Just because your rights are violated by the state doesn't mean they cease to exist.

----------


## Danan

Walter Block is exactly right. There is no "right to privacy" just as there is no "right to free speech". If I would start to post racist slurs, communist propaganda, or other vile content on this forum, I would be banned. And that wouldn't violate my "rights". In fact I would be the one violating the property rights of Bryan who owns this forum and clearly doesn't want that stuff to be posted here.

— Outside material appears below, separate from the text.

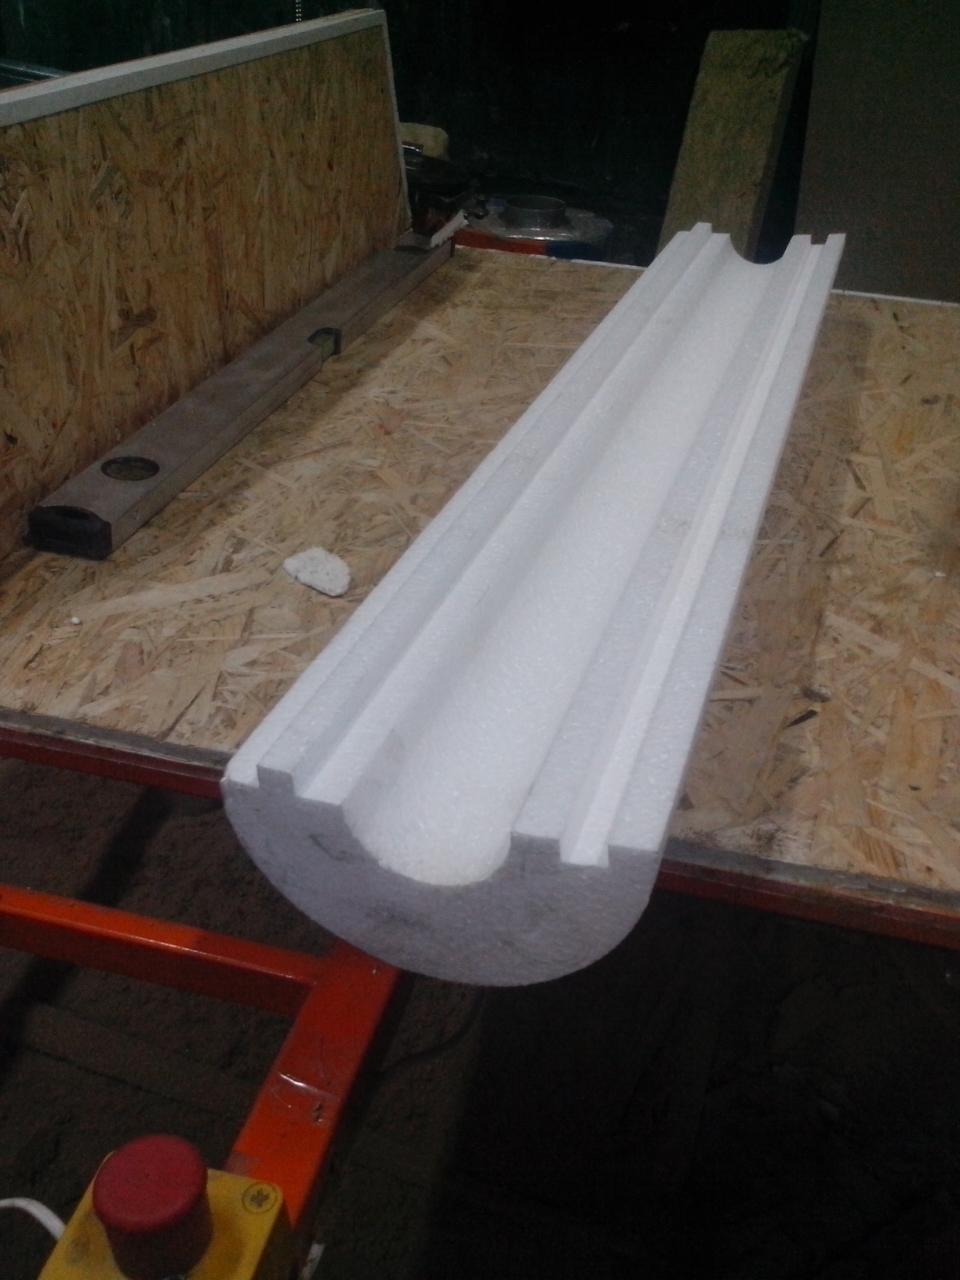 Утеплитель из пенопласта (пенополистирола) для труб Ø 18 мм толщиной 30 мм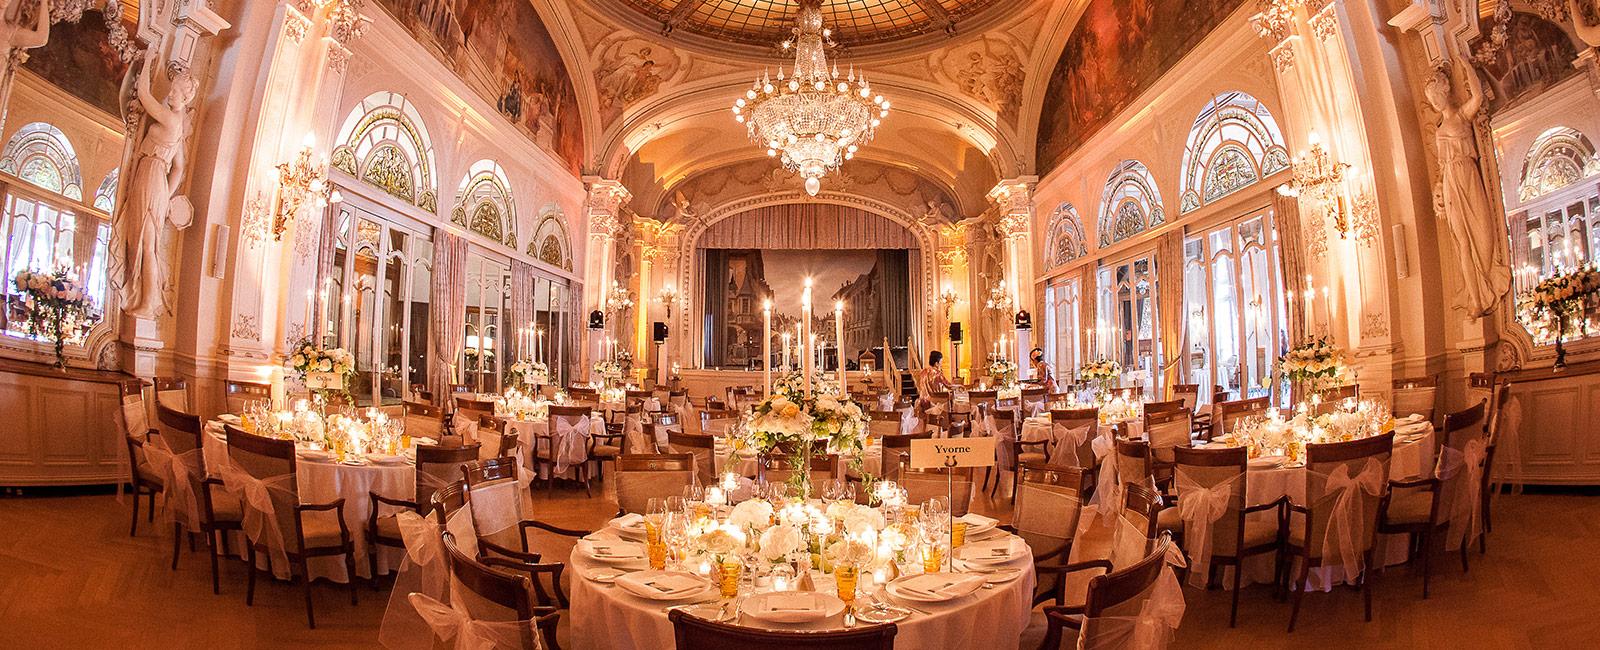 Fairmont-Le-Montreux-Palace_interior

Similarily, you don't have a "right to privacy" when "violating" this "right" is understood as anything else than an act of aggression against your physical property. If you stand in a place were I can see you and I'm being on my own property (or have the actual property owner's permission to be were I am) then I have a right to look at you. If I have a right to look at you, I also have a right to remember how you look like in my mind. If I'm a good painter I can later on draw the scene at my home. There are absolutely no rights violated in this scenario. The same principle applies if I take a photographic picture of you. What about when I'm standing around naked in my front yard, without a fence? Would I be able to sue anyone who looks at me? Because that logically follows from this "right to privacy". That would be a great way to make a living.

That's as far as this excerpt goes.